Girl stands in middle of room looking at device as two older girls sit on mats on floor in living room

The daughters of Basima (seen at the top of this page) in their new home in Baalbek, one of them looking at a photo of her brother, 16-year-old Ahmad, who is currently in Germany. Basima’s family fled Yarmouk camp to Baalbek in 2012. Once home to 150,000 residents, Yarmouk was formerly the largest Palestinian population center in Syria before it became an arena of fighting in December 2012.

Thousands fled after rebel forces entered the camp and its central mosque was hit in government airstrikes. Several thousand civilians remain in the camp, living in dire conditions after years of government bombings and siege, and the water and electricity lines cut. The Islamic State militant group now controls a large part of the camp.

Close-up of phone displaying image of youth

A photo of Basima’s son, Ahmad, on her mobile phone. Basima sent him to Europe via Turkey. He reached Greece by sea and then Germany by land.
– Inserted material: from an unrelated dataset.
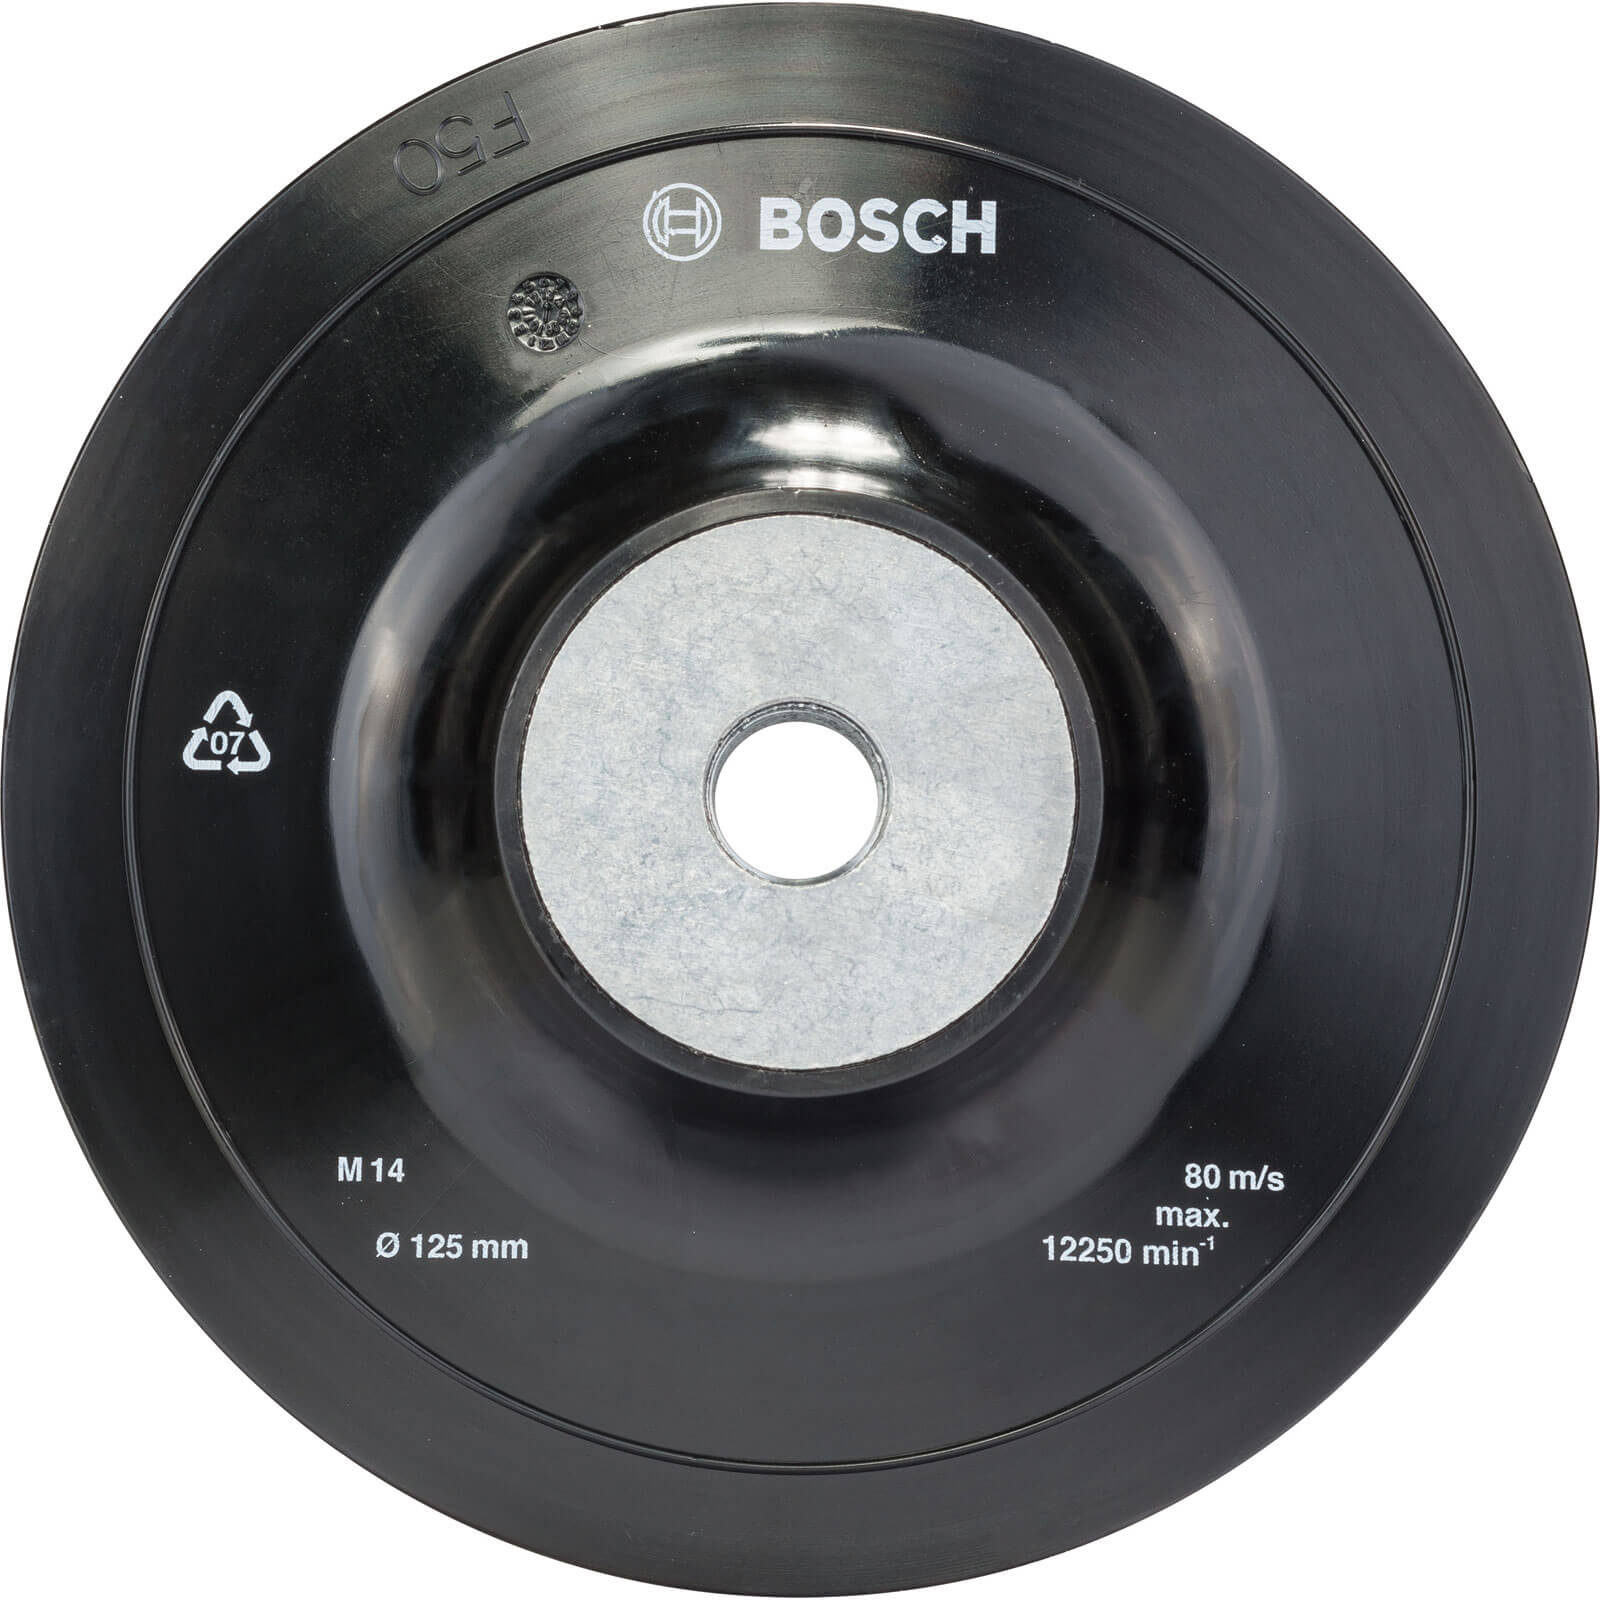 Image of Bosch M14 Angle Grinder Backing Pad 125mm

The journey cost approximately $4,000. Ahmad is now in Berlin with his cousins and is going to school there.

Of the family’s situation in Lebanon, Basima said, “We have papers, but my husband has only 20 days left before they expire. They don’t give asylum to us. If they catch us working, they detain us. If things are better in Syria we would like to go back there. If not, we want to reunite with our son in Germany.”